In a previous blog I wrote about the challenges vendors of enterprise or locally-installed solutions face as they attempt to compete with, so called, FinTech companies. I boiled the argument down to 3 key components: cost, code and culture. In the battle of new versus old, FinTech companies were the clear winners. They delivered solutions with a vastly lower cost of ownership, deployed and developed far more quickly. And, culturally speaking, the companies themselves are young and entrepreneurial versus their older, more rigid and less inventive brethren. In football terms, FinTech beat Enterprise by three goals to nil. It was a stroll!
It is with some humility that I now must concede that I was not entirely correct. Whilst my comparison was accurate, I had not allowed for the ingenuity of the enterprise vendors. Sadly – for their clients at least – this ingenuity has mainly manifested itself in the Sales and Marketing teams that have fought hard to breathe life back into their, now dated, business models.
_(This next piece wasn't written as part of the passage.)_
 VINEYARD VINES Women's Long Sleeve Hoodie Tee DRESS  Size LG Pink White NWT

The result of this Sales sleight of hand is the launch of a raft of new ‘cloud’ solutions by virtually all the established enterprise vendors. You can’t log into LinkedIn without an enterprise vendor pleading that ‘you come talk to them about their exciting new cloud solutions’, or the requisite fanfare around the launch of a new cloud product.
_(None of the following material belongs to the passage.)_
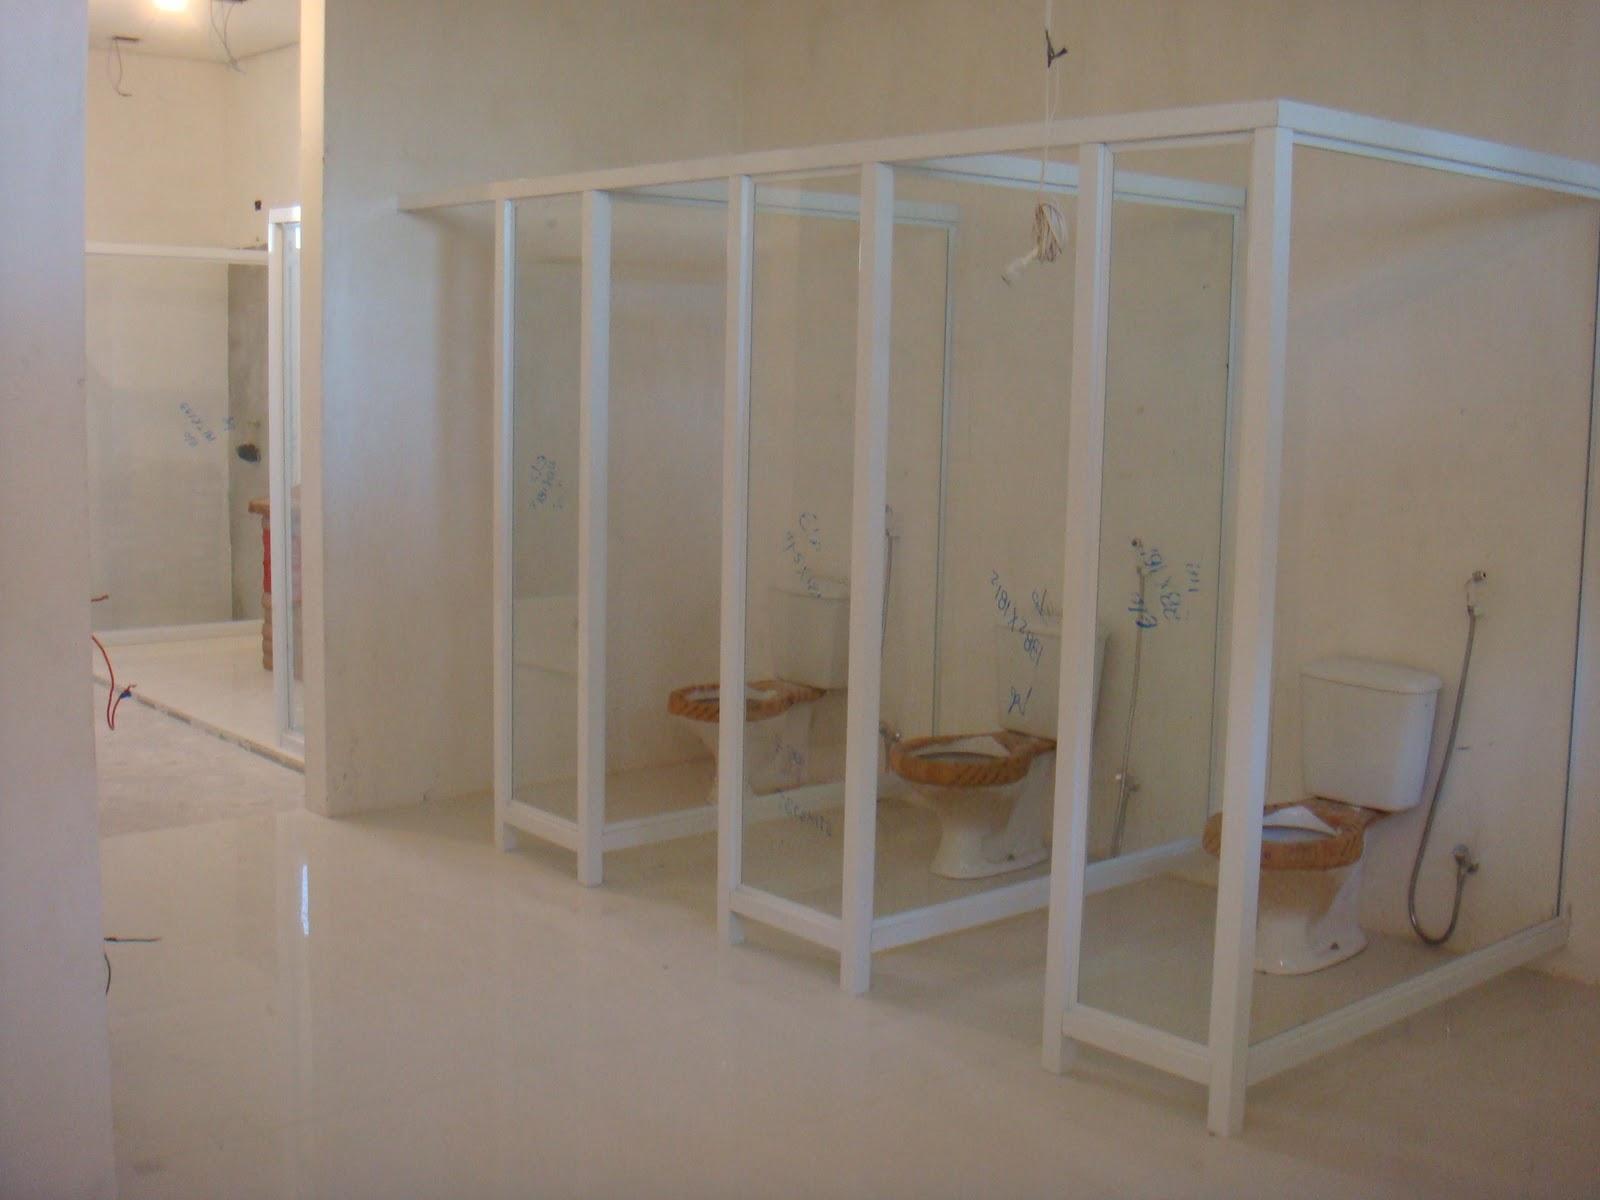 Área dos banheiros com divisórias em vidro coloridos porcelanato  #634B38 1600 1200

So, what’s the deal here? How is it that the old guard have suddenly got religion and caught up with the young ‘pretenders’? Of course, the answer is they haven’t. They are relying on their clients’ potential lack of knowledge about the true nature (indeed genesis) of the benefits that cloud/FinTech vendors are able to deliver.
To explain a little further, what is sometimes poorly understood is that being deployed on the cloud is only the foundation of the advantage that FinTech companies deliver to their clients. Being cloud based is simply a sign of greater potential. Any vendor’s ability to deliver on this potential is directly linked to whether a solution was specifically designed to be deployed in the cloud…or, as we now say, was born in the cloud.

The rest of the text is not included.